Wie kann die Berufslehre bereits ab Beginn der obligatorischen Schule und insbesondere während der schulischen Berufswahlvorbereitung aufgewertet werden? Werden in der schulischen Berufswahlvorbereitung akademische Bildungswege systematisch priorisiert?
Wie entwickeln sich die Löhne in den Lehrberufen und in den akademischen Berufen?
Wie hoch ist bei den zwei unterschiedlichen Bildungswegen die Abbruch- und Wechselquote?
Welche Massnahmen wurden bisher zur Förderung der dualen Berufsausbildung ergriffen und was wurde damit erreicht? Weiter soll der Bericht Massnahmen prüfen, mit denen der Bund die duale Ausbildung stärker unterstützen, fördern und aufwerten kann.
Zum Schluss soll die Wirksamkeit der geschaffenen Bildungsübergänge bewertet werden mit dem Ziel, die Vielfalt der Bildungswege und die Durchlässigkeit des Bildungssystems zu fördern, insbesondere bei der dualen Berufsausbildung (Art. 63 Abs. 2 BV).
Antrag des Bundesrates
Ablehnung
Stellungnahme des Bundesrates
Die Berufsbildung ist grundsätzlich gut aufgestellt und geniesst im In- und Ausland einen hohen Stellenwert. In den vergangenen Jahren wurden zahlreiche Massnahmen zur Stärkung ihrer Attraktivität umgesetzt. Der Bundesrat ist überzeugt, dass es mit der beruflichen Grundbildung nach wie vor gut gelingt, die Jugendlichen und Erwachsenen in verschiedenen Bildungswegen auf den Arbeitsmarkt vorzubereiten. Auch die höhere Berufsbildung und die Hochschulen leisten gemäss «Bildungsbericht Schweiz 2026» angesichts der steigenden Nachfrage nach höheren Qualifikationen wichtige Beiträge, um den Arbeitsmarkt mit qualifizierten Fachkräften zu versorgen.
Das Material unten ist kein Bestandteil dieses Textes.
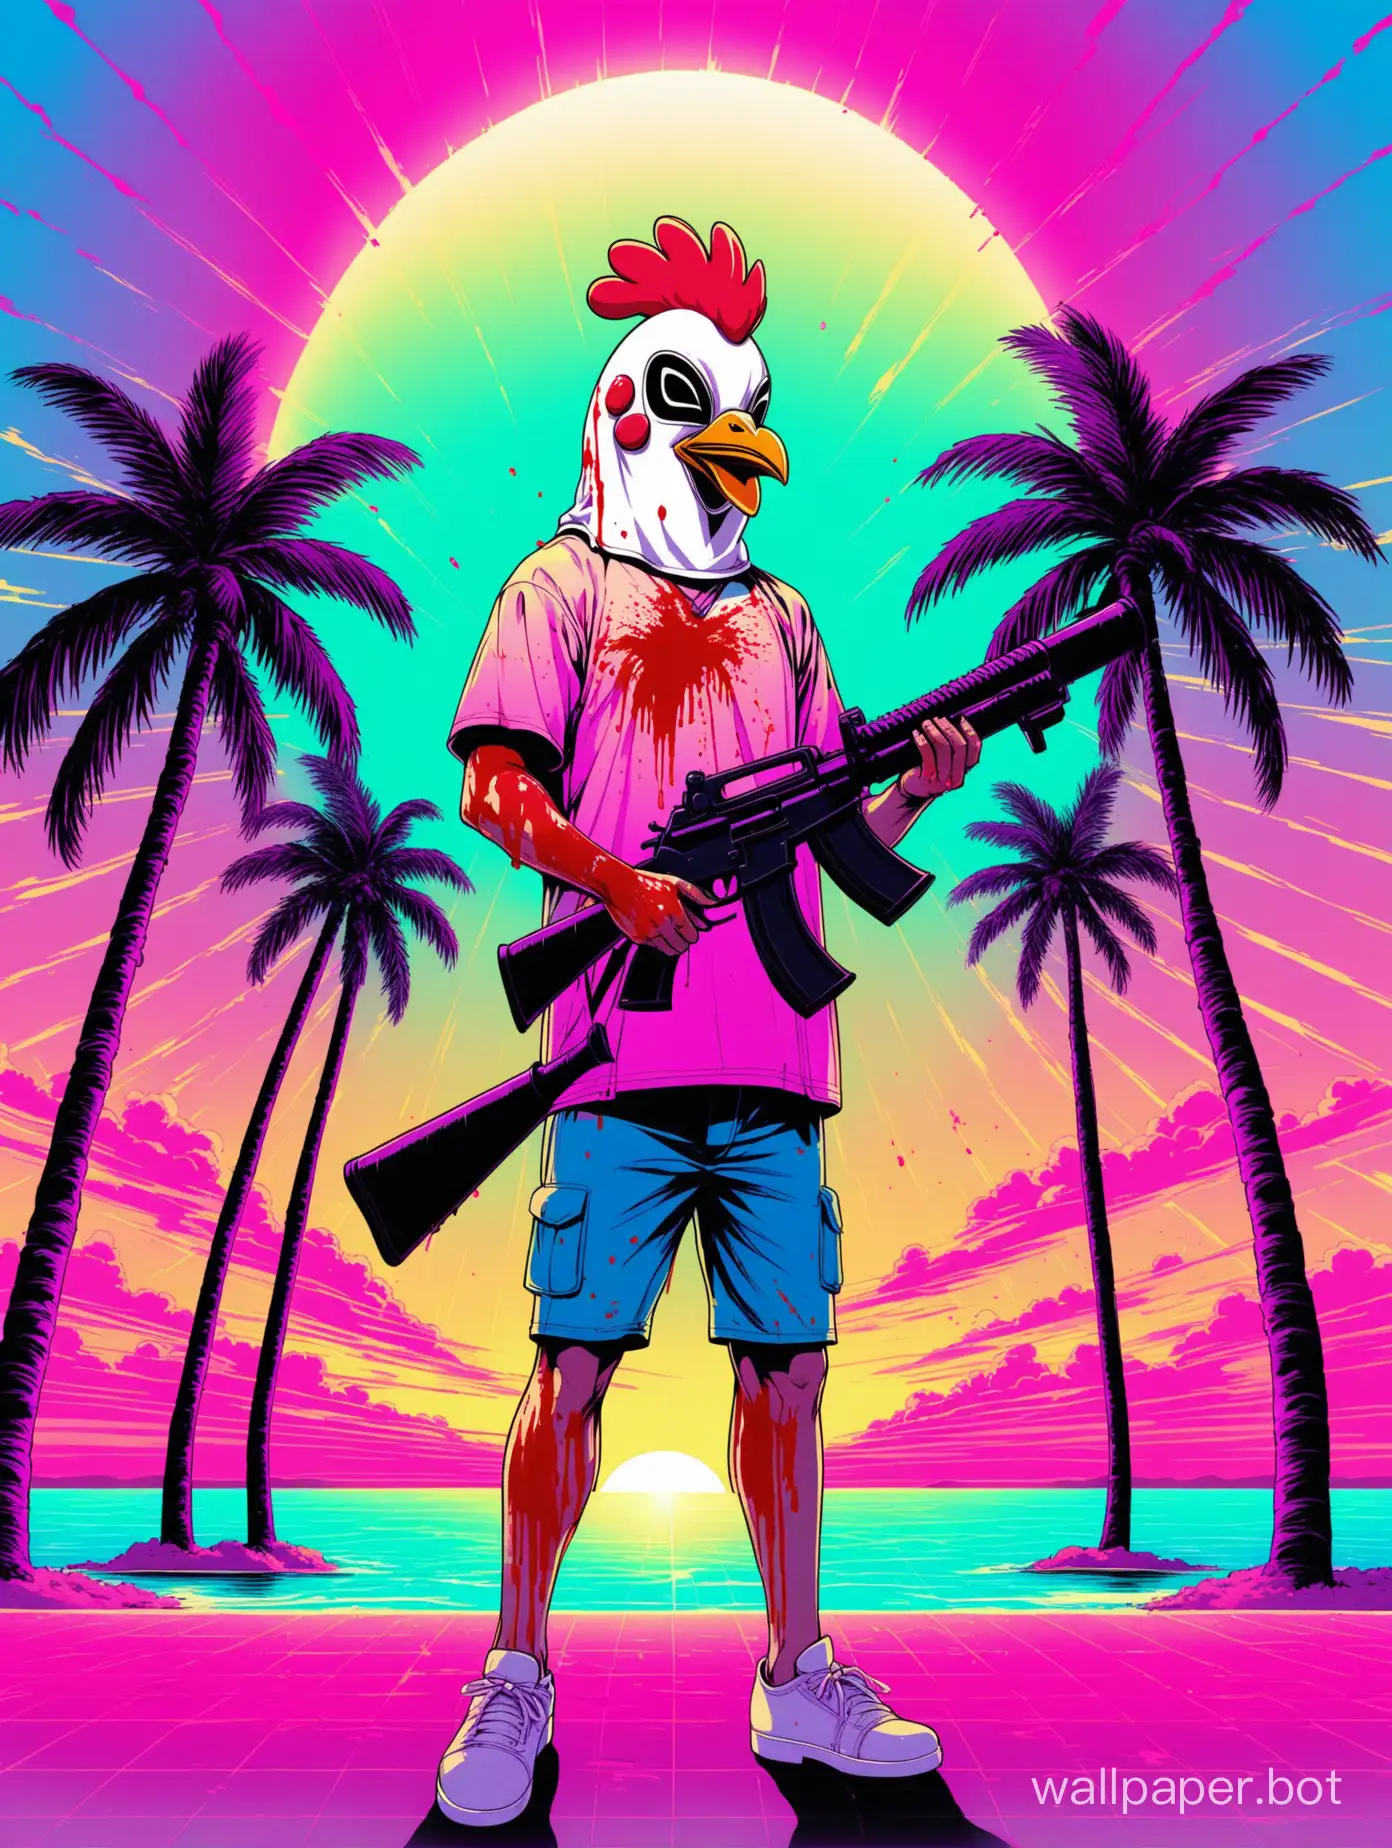 Mysterious-Figure-with-Chicken-Mask-and-Bloodied-Weapons-in-Vaporwave-Palm-Tree-Setting

Bund und Kantone setzen sich gemäss den gemeinsamen bildungspolitischen Zielen für die klare Profilierung der Angebote auf Tertiärstufe ein und fördern die Durchlässigkeit. Dabei liegt ein Augenmerk auch auf einer ausgewogenen Finanzierung der Bildungswege.Trotz der guten Ausgangslage gibt es verschiedene Signale für Handlungsbedarf. Vor diesem Hintergrund hat das Staatssekretariat für Bildung, Forschung und Innovation 2024 das Projekt «Attraktivität der Berufsbildung» lanciert. Mit den Verbundpartnern der Berufsbildung wurden Herausforderungen analysiert und Stossrichtungen identifiziert. Die Ergebnisse bestätigen die grundsätzlich starke Position der Berufsbildung, zeigen aber auch die Notwendigkeit, auf veränderte Bildungspräferenzen, gesellschaftliche Erwartungen und den Wettbewerb auf der Tertiärstufe zu reagieren. Gestützt auf diese Sondierung haben die Verbundpartner am nationalen Spitzentreffen der Berufsbildung 2025 sieben Stossrichtungen verabschiedet. Diese greifen mehrere Anliegen des Postulats direkt auf. Die Umsetzung der entsprechenden Massnahmen erfolgt seit 2026 im Rahmen der Roadmap «Attraktivität der Berufsbildung». Auch für das Monitoring und die Berichterstattung steht ein Set an Instrumenten zur Verfügung.Am 6. Mai 2026 hat der Bundesrat den Bericht «Attraktivität der Berufsbildung» in Erfüllung des Postulats 22.4202 Nantermod verabschiedet. Damit und mit den bereits eingeleiteten Massnahmen wird auch das Anliegen des vorliegenden Postulates erfüllt.
Der Bundesrat beantragt die Ablehnung des Postulates.